● Problem requirements
Your answer must be the full listing, word for word, with no images in it.

● Provided data
**********

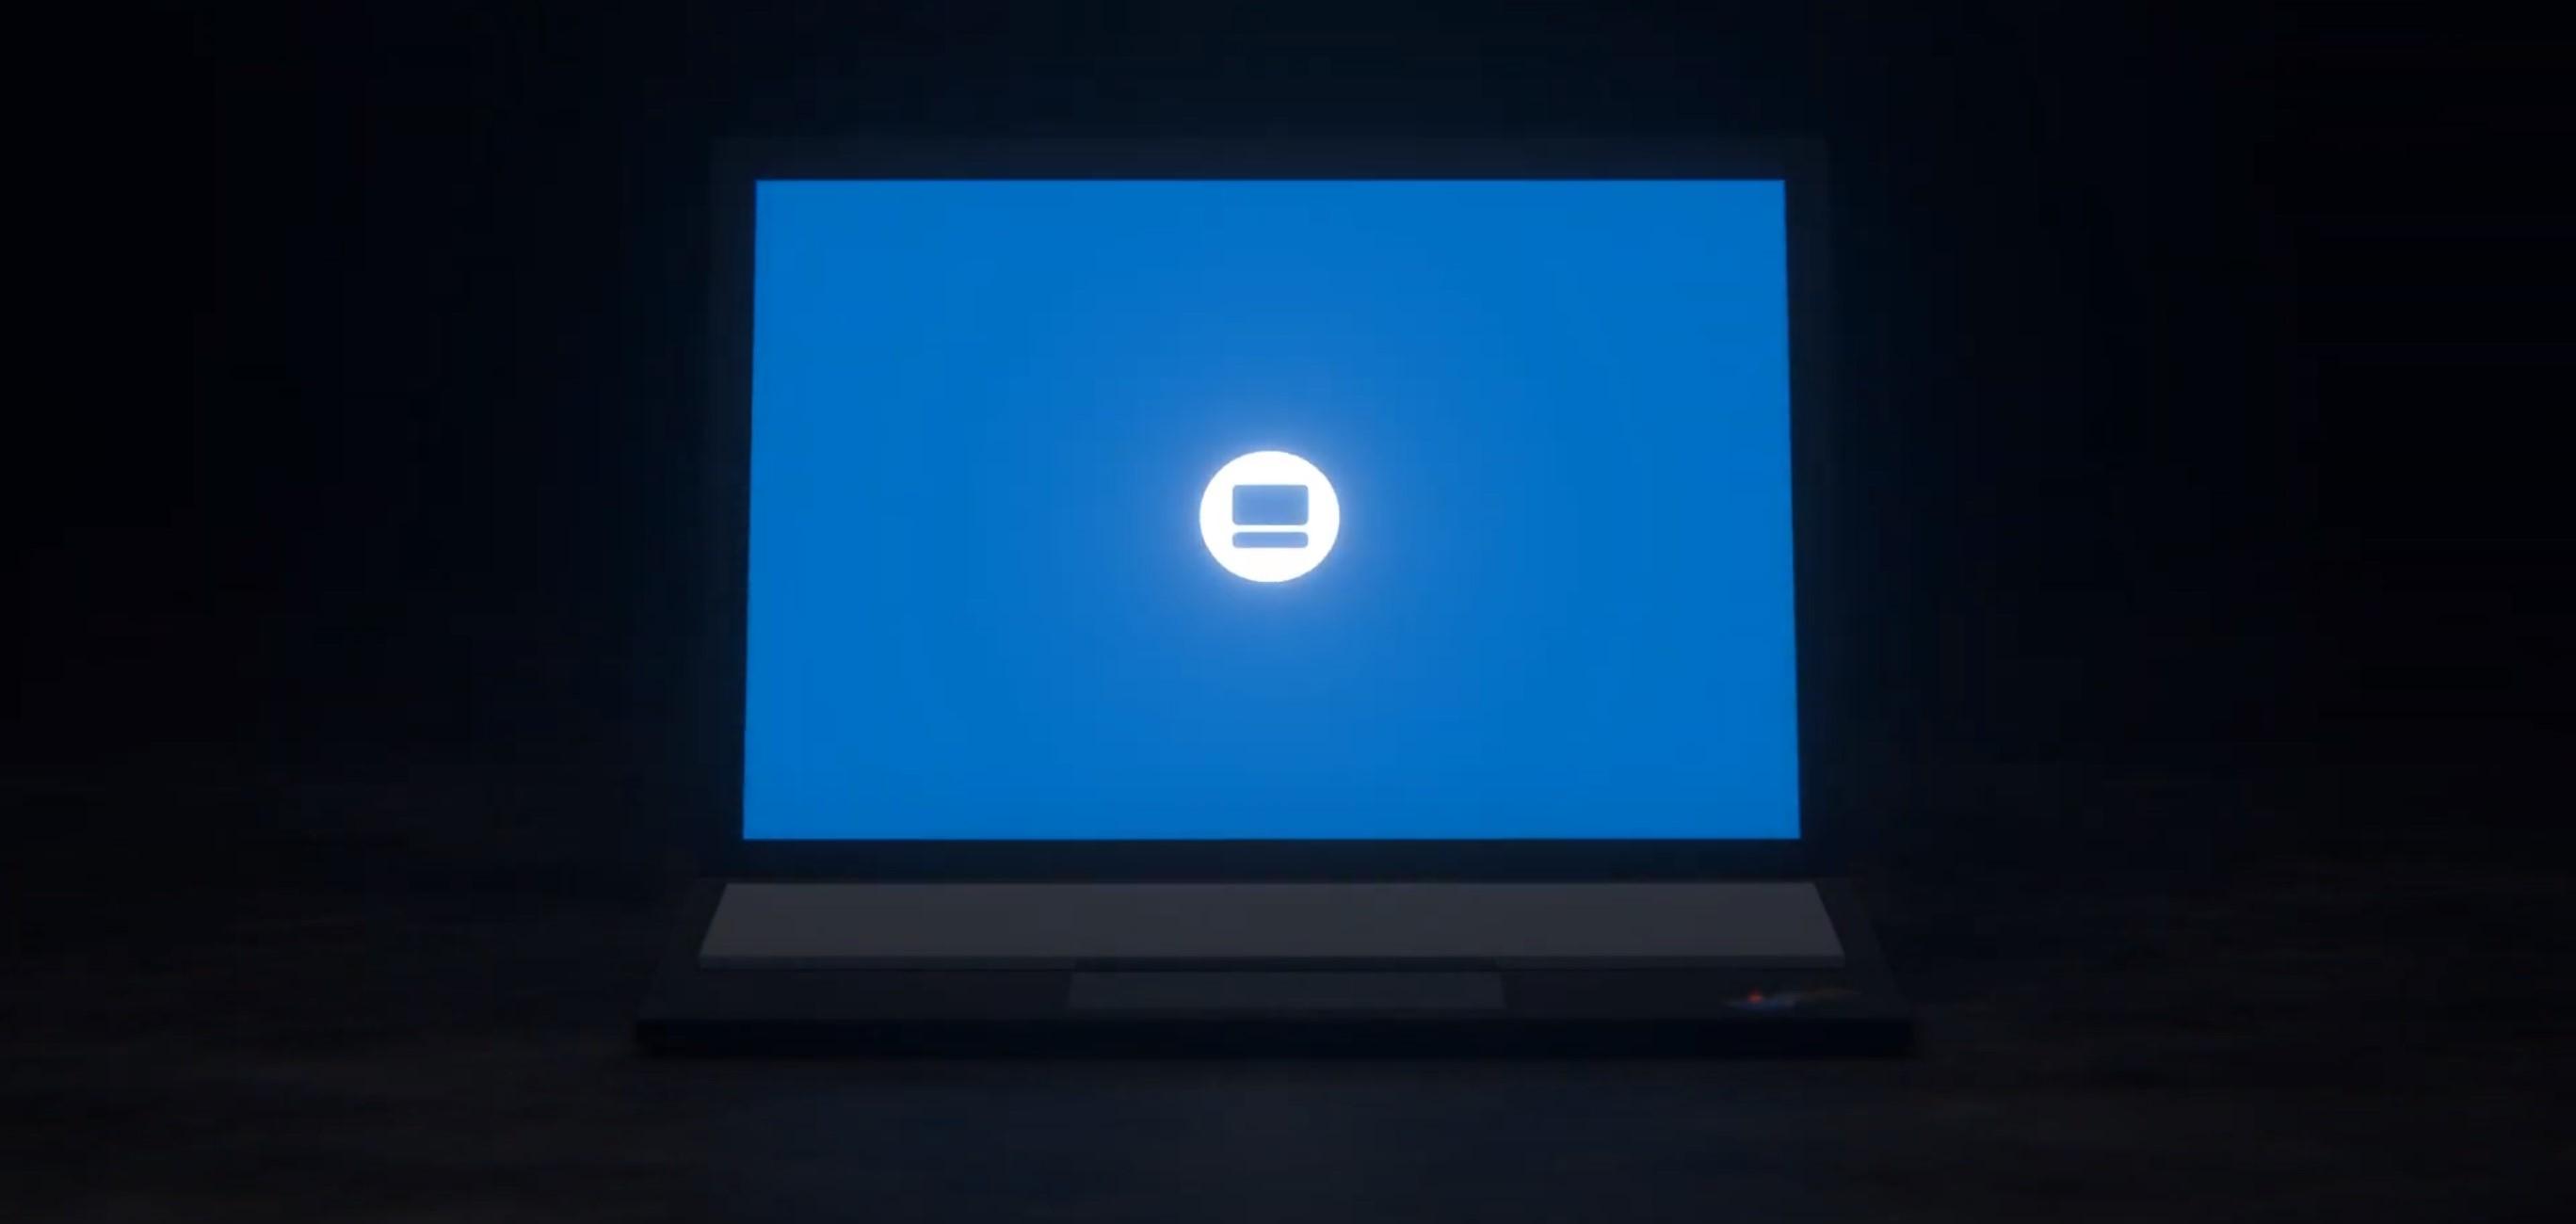 Rok Linuksa? Wybrane laptopy Lenovo będą miały Fedorę zamiast Windowsa 17
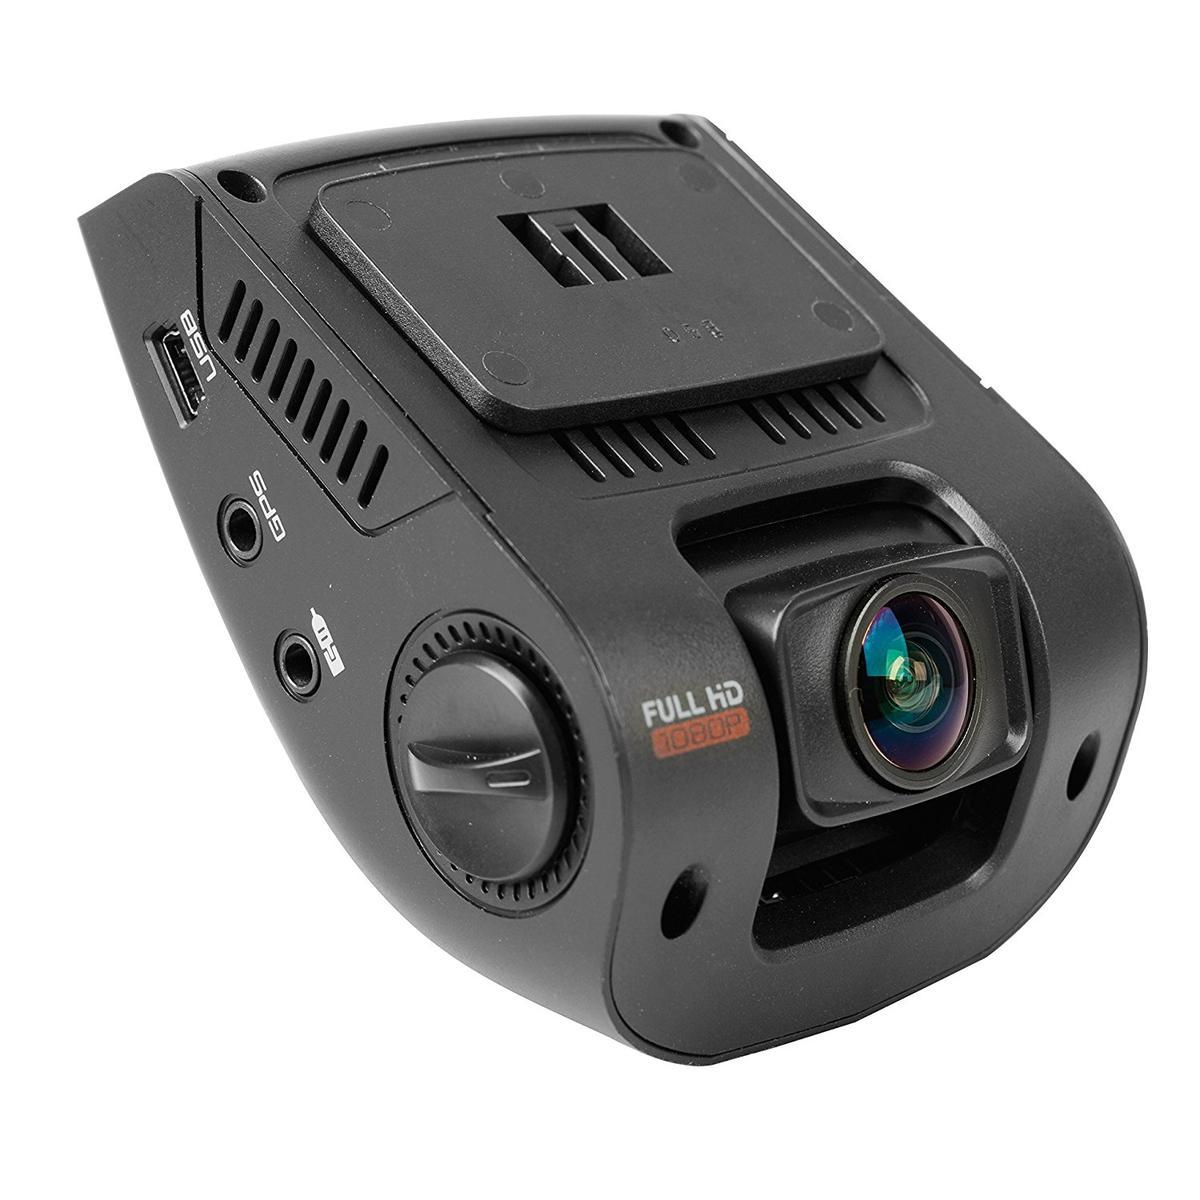 ドライブレコーダー Rexing HD 1920x1080p 170 ワイドアングル 運転 ドライブ 補助 グッズ
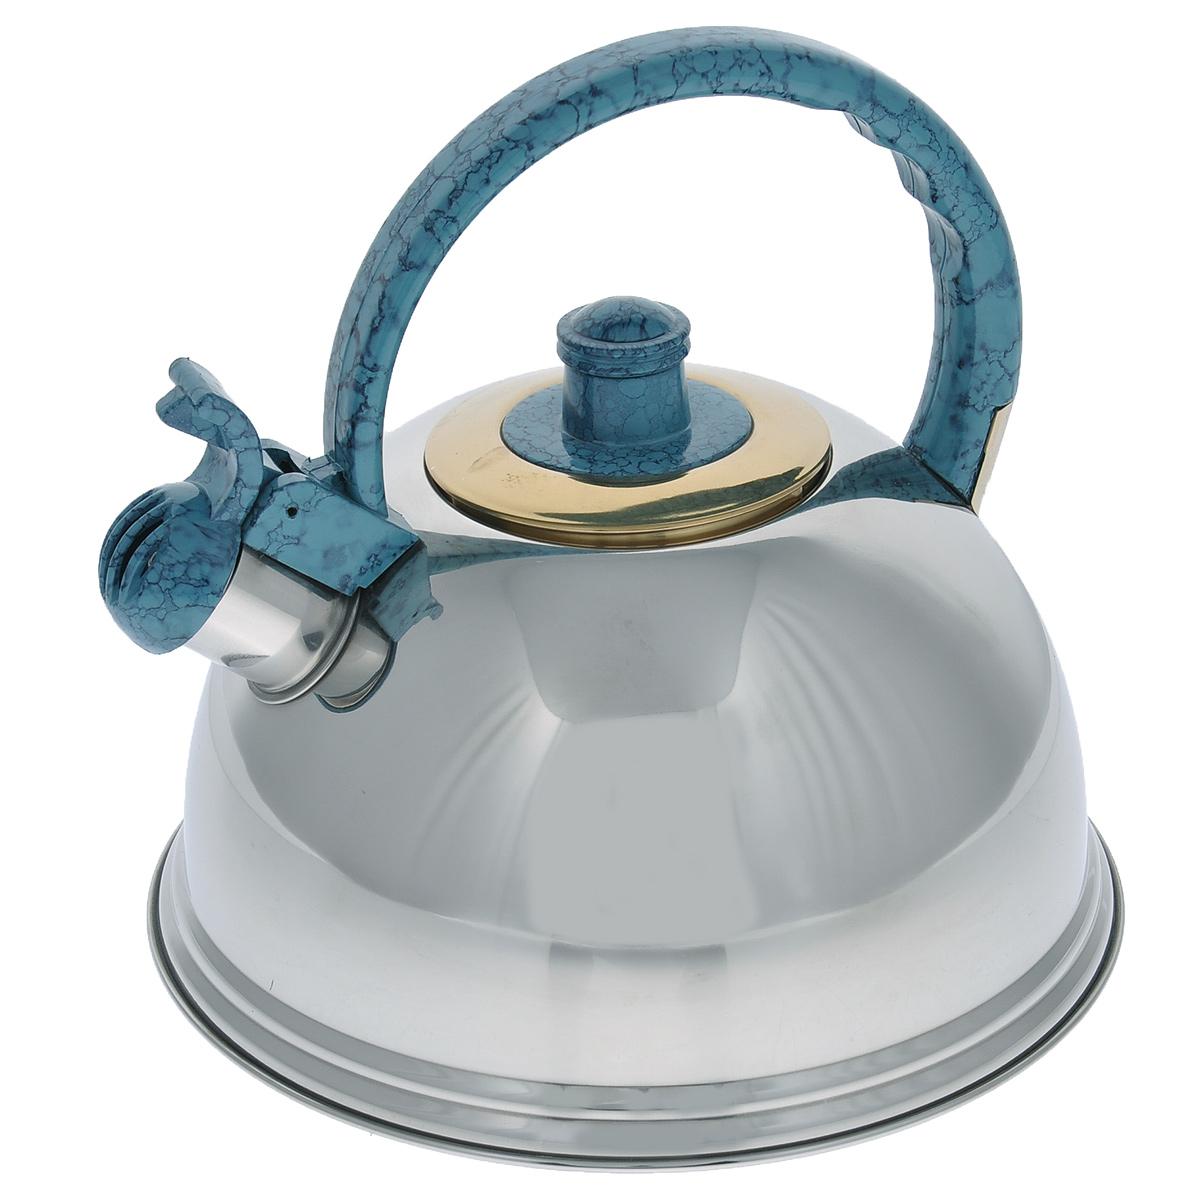 Чайник Mayer & Boch, со свистком, цвет: голубой, 2,7 л. 2359423594Чайник Mayer & Boch выполнен из нержавеющей стали высокой прочности с зеркальной полировкой. Чайник оснащен откидным свистком, который громко оповестит о закипании воды. Удобная эргономичная ручка и крышка выполнены из нейлона. Такой чайник идеально впишется в интерьер любой кухни и станет замечательным подарком к любому случаю. Подходит для всех типов плит, кроме индукционных. Можно мыть в посудомоечной машине.Диаметр чайника по верхнему краю: 8,5 см.Высота чайника (с учетом ручки): 21 см.

**********

● Response below
 Rok Linuksa? Wybrane laptopy Lenovo będą miały Fedorę zamiast Windowsa 17
 ドライブレコーダー Rexing HD 1920x1080p 170 ワイドアングル 運転 ドライブ 補助 グッズ
 Чайник Mayer & Boch, со свистком, цвет: голубой, 2,7 л. 2359423594Чайник Mayer & Boch выполнен из нержавеющей стали высокой прочности с зеркальной полировкой. Чайник оснащен откидным свистком, который громко оповестит о закипании воды. Удобная эргономичная ручка и крышка выполнены из нейлона. Такой чайник идеально впишется в интерьер любой кухни и станет замечательным подарком к любому случаю. Подходит для всех типов плит, кроме индукционных. Можно мыть в посудомоечной машине.Диаметр чайника по верхнему краю: 8,5 см.Высота чайника (с учетом ручки): 21 см.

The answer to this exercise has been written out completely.